The effectiveness of the Ohalo Data X-Ray anonymisation has been evaluated in comparison to manual anonymisation. The evaluation made use of RIDDOR data used for the HSE Construction Division RIDDOR dashboard1, which was manually anonymised in 2017 and made public. The standard of assessment used to define a significant data breach was that there will likely be a risk to people’s rights and freedoms in the event that HSE data is shared externally. This is the same as that used by the UK Information Commissioners Office (ICO)2.

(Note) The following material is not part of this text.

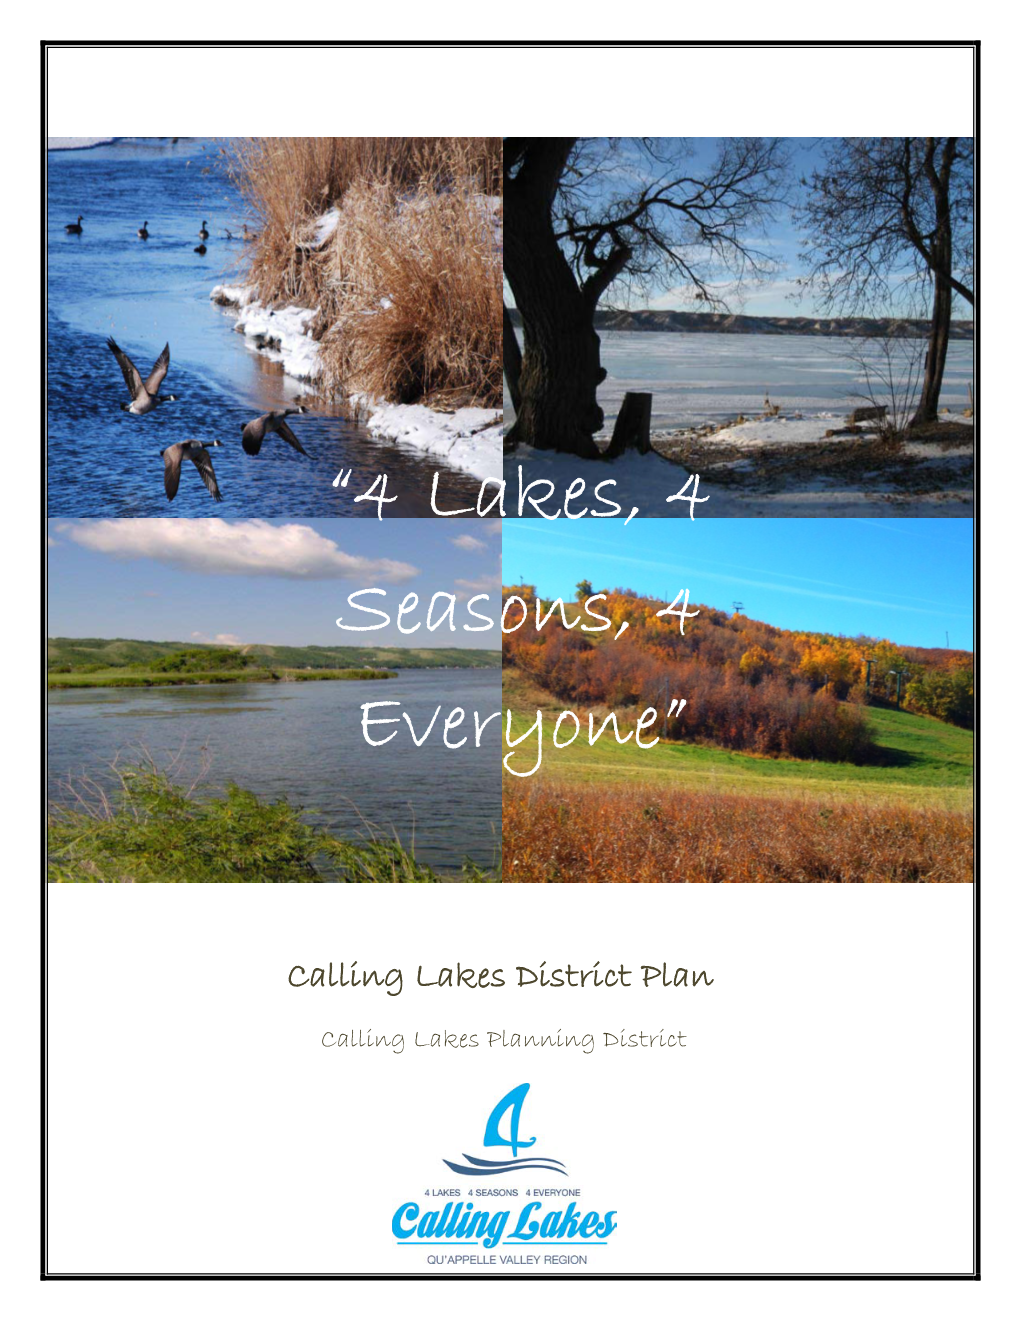 View the Calling Lakes District Plan

From the 1998 RIDDOR reports analysed, 743 contained sensitive text, including some personally identifiable information (PII). After anonymisation using Ohalo’s Data X-Ray, 94 records retained some personally identifiable information, of which 19 would be considered sufficient for a significant breach. Based on these figures, Ohalo’s Data X-Ray was able to reduce the number of sensitive records by 97% (i.e. 724/743 were adequately anonymised, 19/743 remained sensitive). For the 3% of records that remained sensitive, it was generally because information on a named individual along with details of a specific injury or other event still remained after anonymisation.
Aims and objectives
Ohalo Data X-Ray is a server-based, customizable tool for anonymising data, however it has not been used in a Health and Safety context previously and some types of data that we would wish to anonymise were not originally recognised. Additionally, the methods of anonymisation meant that the text entity association was not retained as part of the anonymisation process (e.g. ‘Date’, ‘Person’, ‘Organisation’). This project was to evaluate and improve the anonymisation of health and safety data and add the capability for context specific anonymisation and entity association to improve its use as part of an integrated research desensitization pipeline.
Due to the complex and evolving methods that can be used to identify individuals from their data, it is not anticipated that complete anonymisation will be possible in all cases. However, the reduction in risk provided by this anonymisation evaluation methodology allows that risk to be properly understood so that suitable controls can be put in place to manage residual risk.